The NUMA memory allocation support attempts to allocate pages close to
the CPUs that it is currently running on.  We have a hard time
determining how effective these strategies have been, or how fragmented
the allocations might get if a process is bounced around between nodes.
 This patch adds a new /proc/<pid> entry: nodepages.

It walks the process's vm_area_structs for all vaddr ranges, then
examines the ptes to determine on which node each virtual address
physically resides.

I'm a little worried about just taking the pte from __follow_page() and
dumping it into pte_pfn().  Is there something I should be testing for,
before I feed it along?

I've tested it on both NUMA and non-NUMA systems (see the pfn_to_nid()
changes).  The below are from a 4-quad 16-proc NUMAQ.

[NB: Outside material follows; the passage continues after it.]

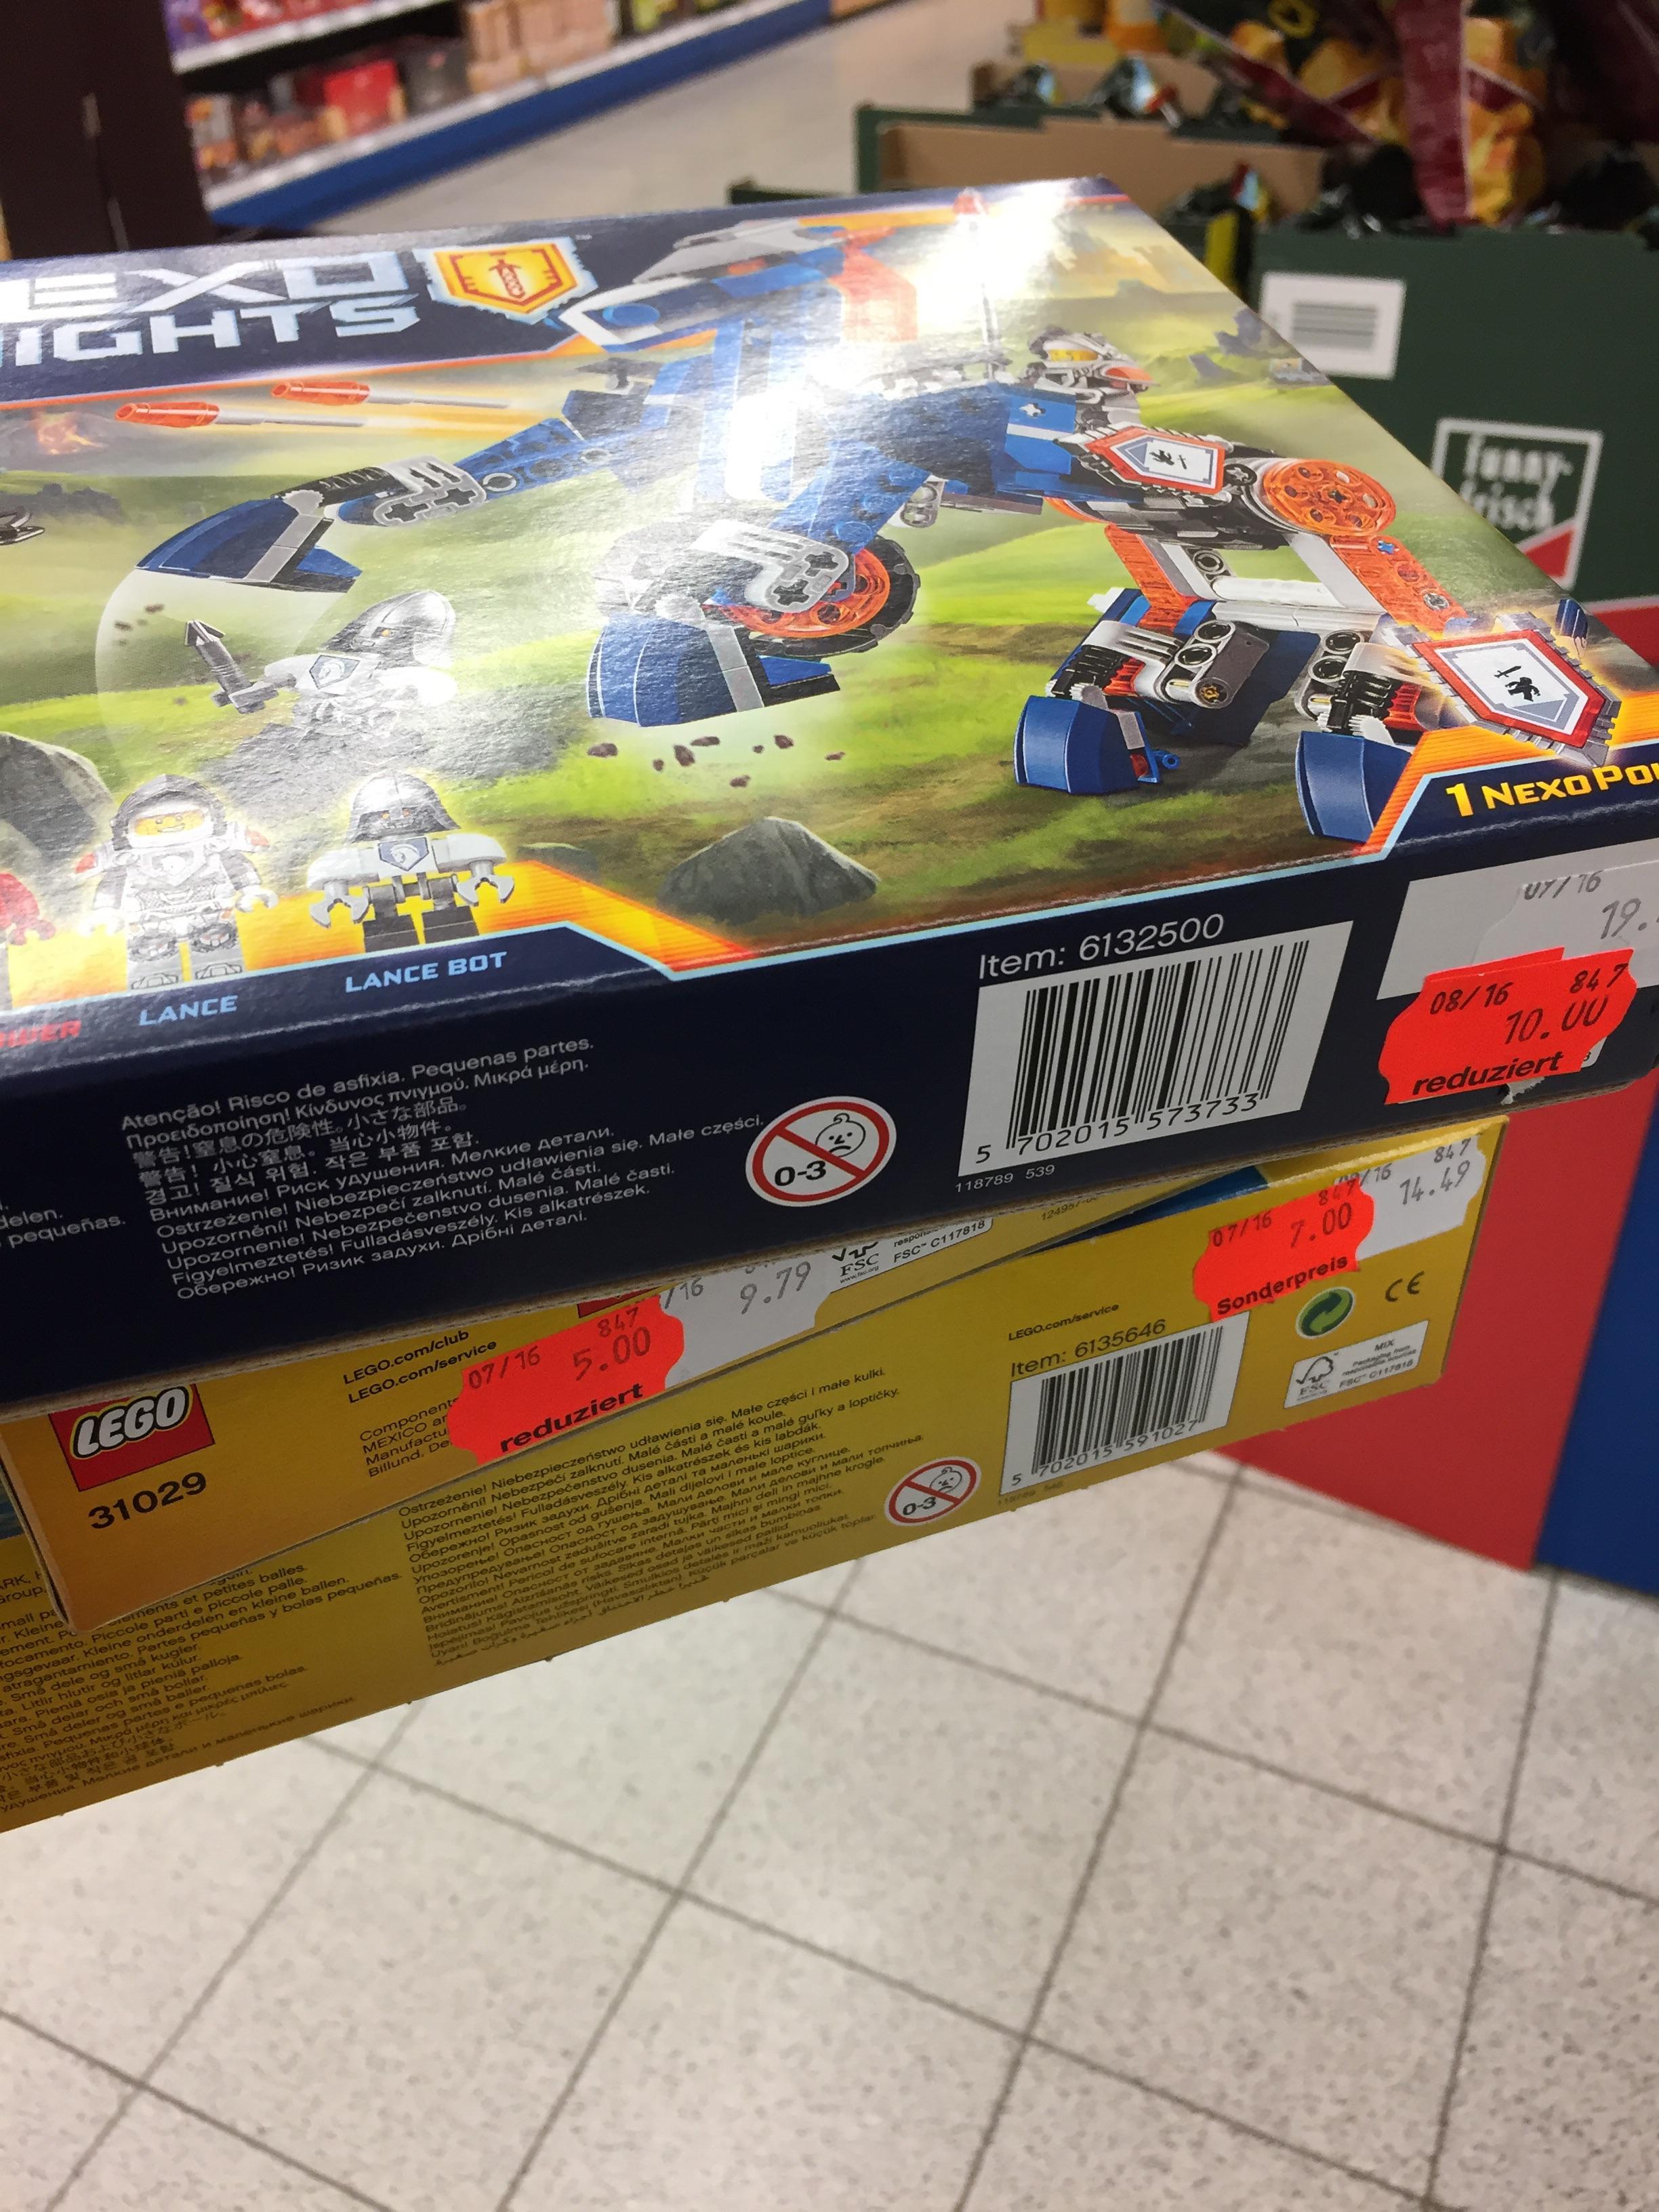 [Lokal] Sky XXL Lübeck viele Lego Pakete reduziert z.B. Nexo Knights 70312 für 10€ statt 16€
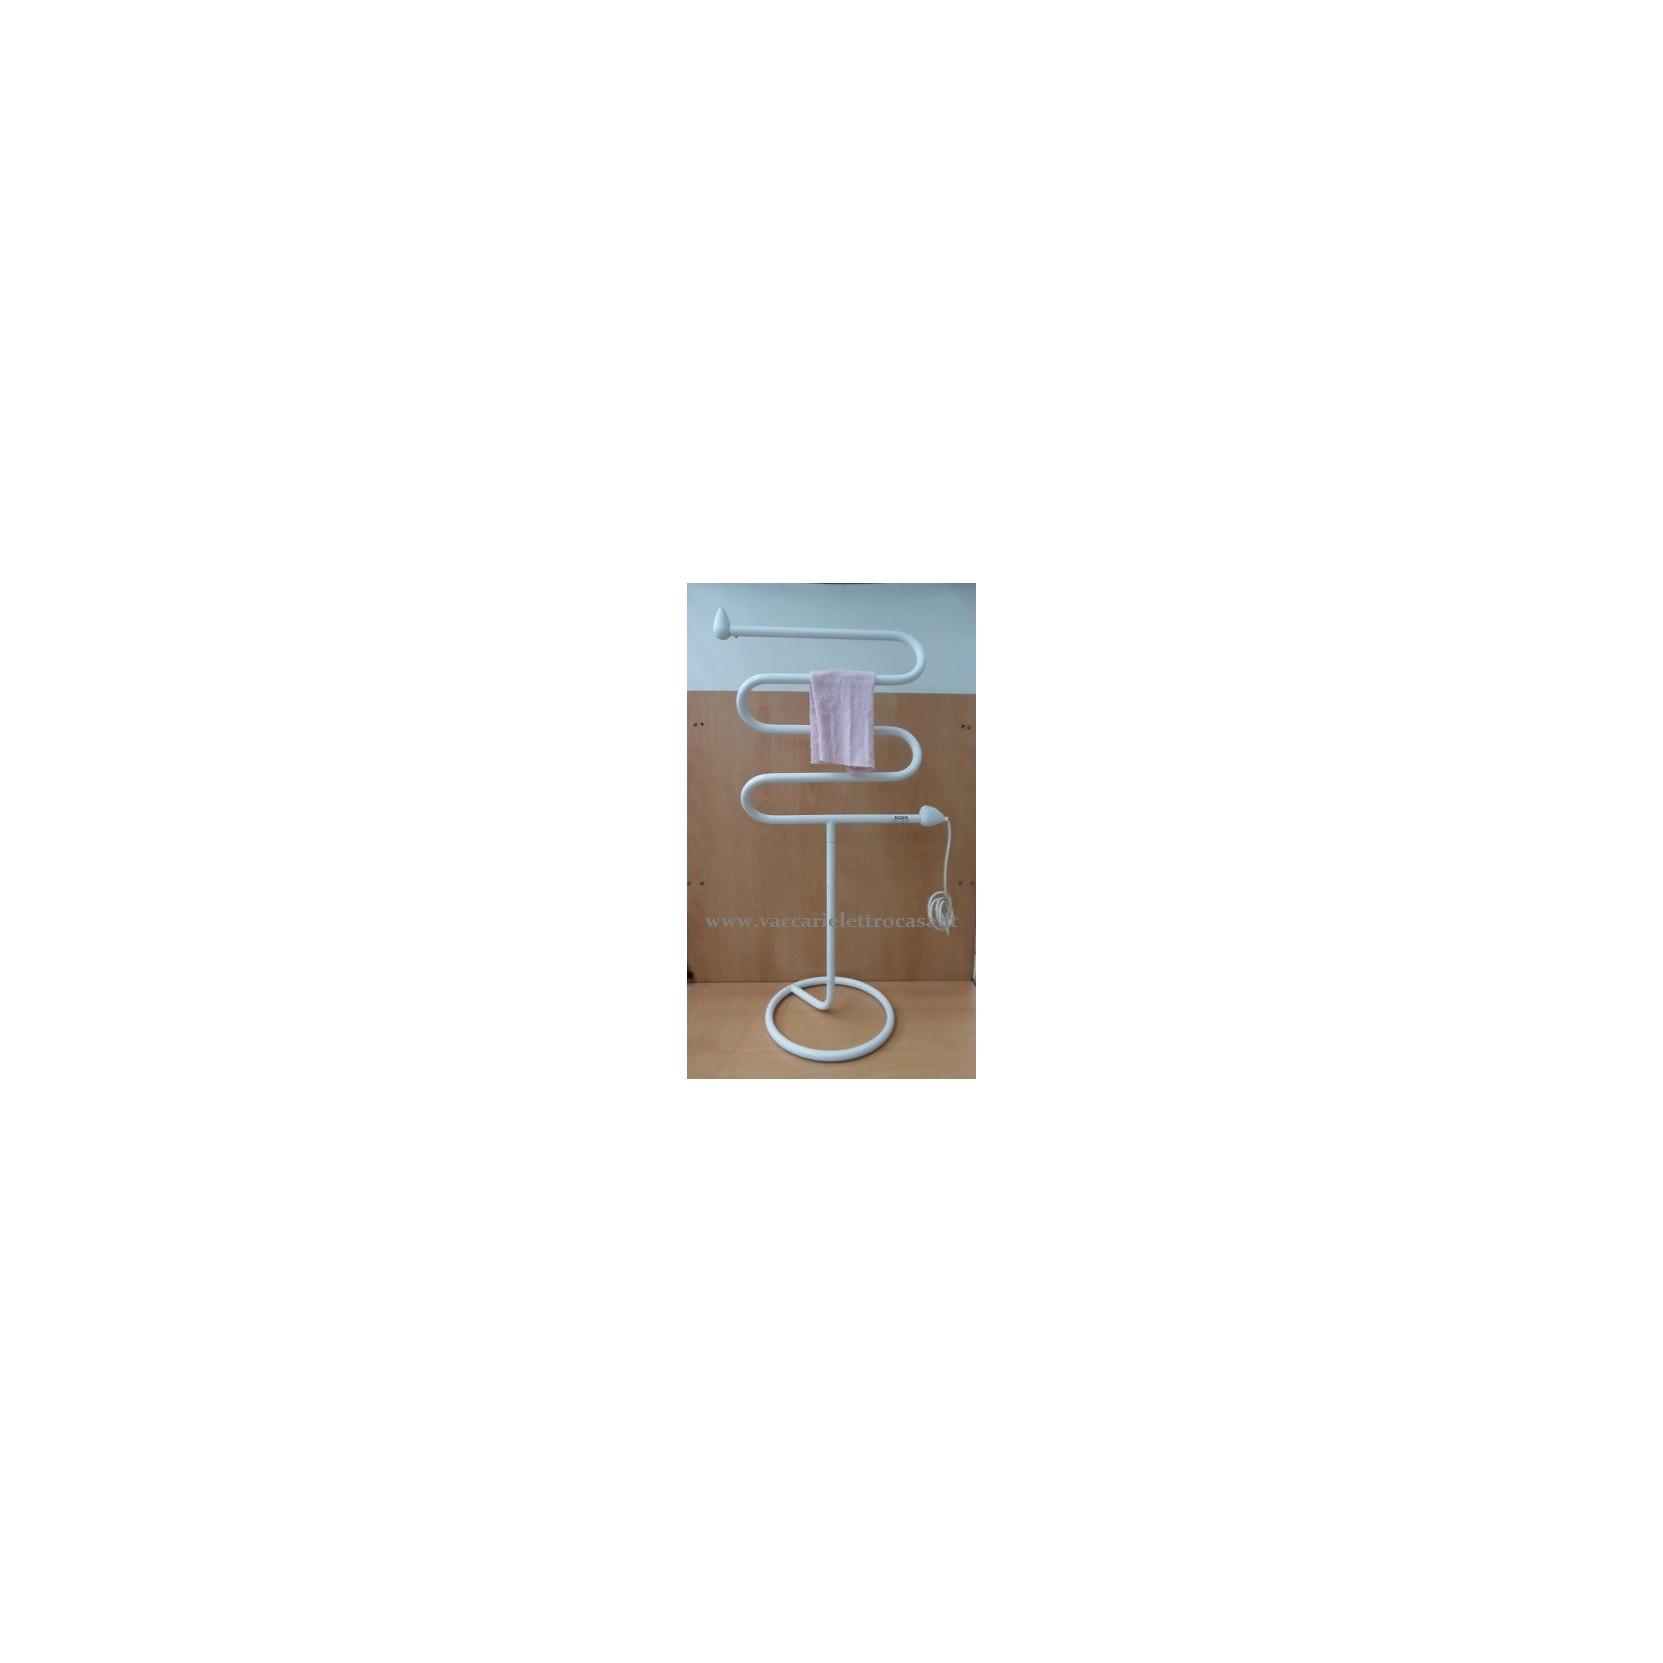 Asciugamani caldi e asciutti scaldasalviette elettrico - Scaldare il bagno elettricamente ...

This is a process that allocates, then faults in a 256MB chunk of
memory, bound to CPU 4 (node 1).
curly:~# cat /proc/378/nodepages
Node 0 pages: 369
Node 1 pages: 65571
Node 2 pages: 0
Node 3 pages: 0

Here is the same thing, bound to CPU12 (node 3), probably forked on node
1, before it was bound.
Node 0 pages: 369
Node 1 pages: 2
Node 2 pages: 0
Node 3 pages: 65569

I would imagine that the pages on node 0 are from libc, which was
originally mapped on node 0.  The other processes inherit this.
-- 
Dave Hansen
haveblue@us.ibm.com